- Born: Donald A. Robert 15 May 1959 (age 67) Portland, Oregon, US
- Education: Oregon State University
- Occupation: Businessman
- Title: Chairman of London Stock Exchange Group
- Term: 2019–
- Predecessor: Donald Brydon
- Spouse: Jennifer Robert
- Children: 2

= Don Robert =

American businessman (born 1959)

Donald A. Robert (born 15 May 1959) is an American businessman who is the chairman of London Stock Exchange Group since May 2019. He was the chairman of Experian, an information services group with, from 2014 to 2019. He is also currently Chair of Council at the London School of Hygiene and Tropical Medicine.

==Early life==
Robert was educated at Benson Polytechnic High School and has a BSc degree in business administration from Oregon State University.

==Career==
Robert began his career as a trainee at US Bancorp, where he managed loans for car dealers in Portland. He then took charge of its specialist credit recording division, Credco. After the division was sold to First American Financial Corporation in 1995, he led mortgage origination services there.

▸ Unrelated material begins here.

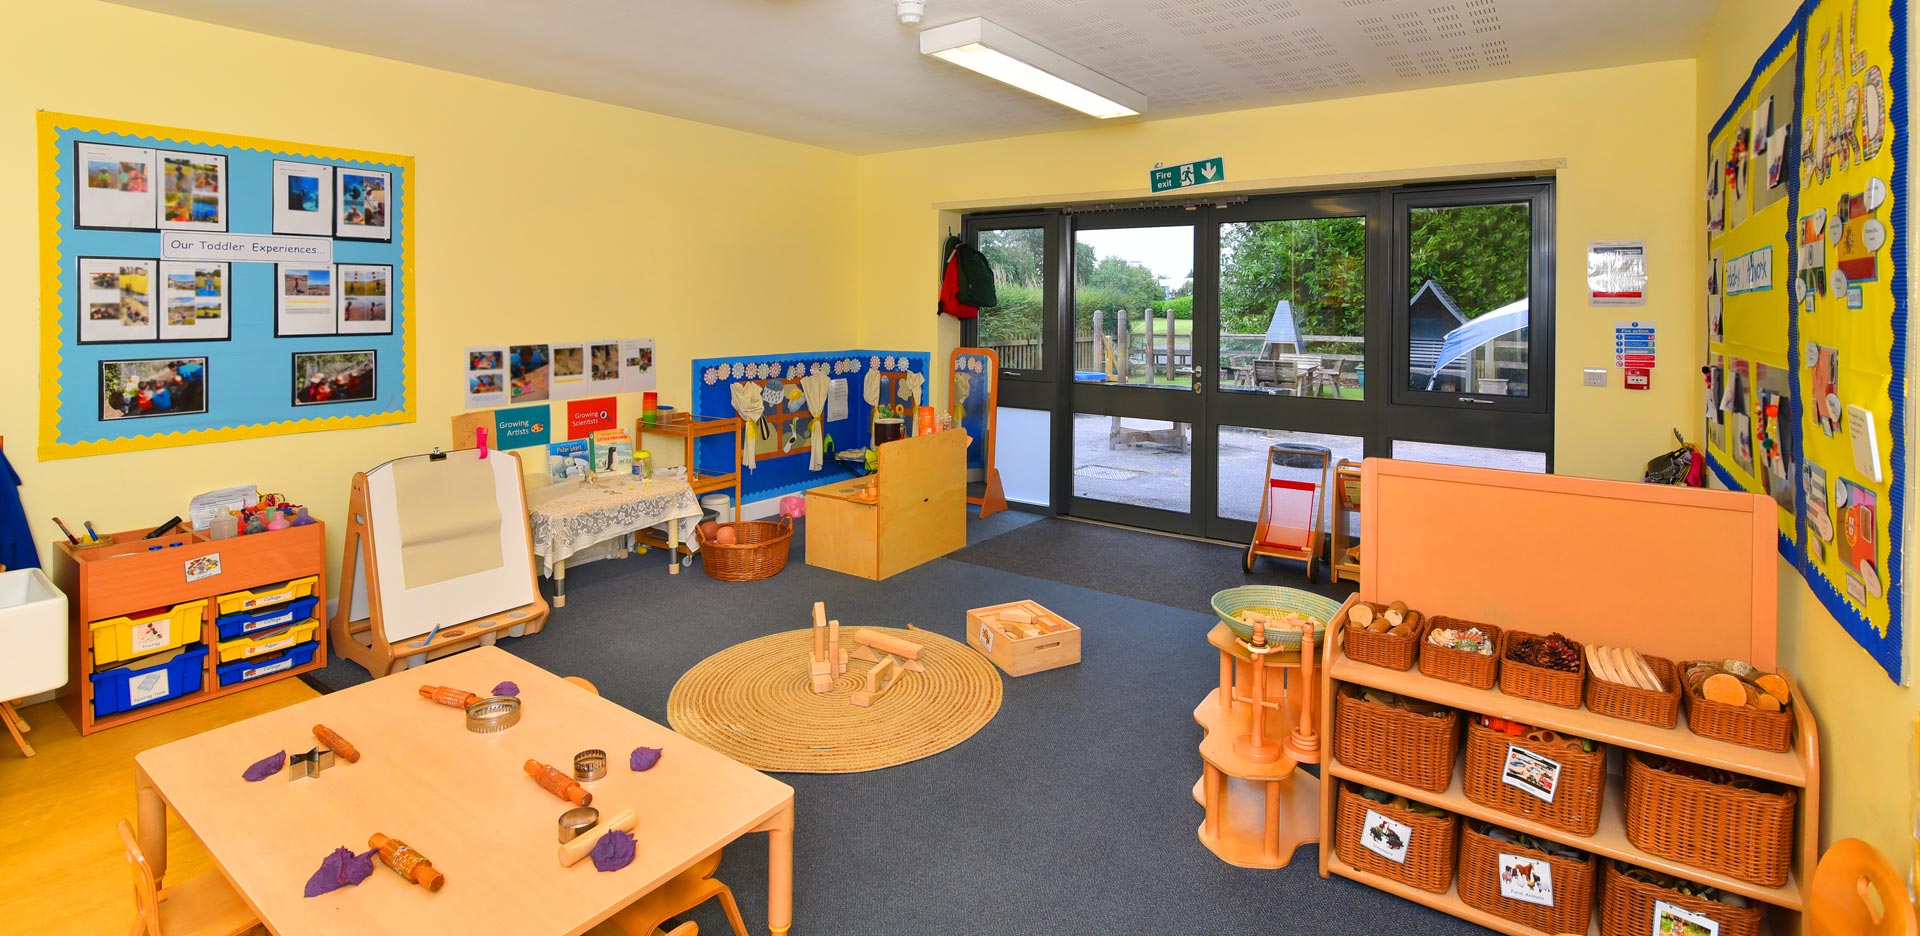 Chilworth Day Nursery and Preschool

He joined Experian North America in 2001 and was chief executive of Experian (in London) from 1 January 2007 until July 2014, when he was appointed chairman and replaced by Brian Cassin as chief executive.

In December 2018, London Stock Exchange Group announced that he would be appointed as a non-executive director on 1 January 2019. He became chairman in May 2019, succeeding Donald Brydon.

In 2023, Roberts became chair of Ekco, a cloud service provider.

==Personal life==
He and his wife Jennifer have two children.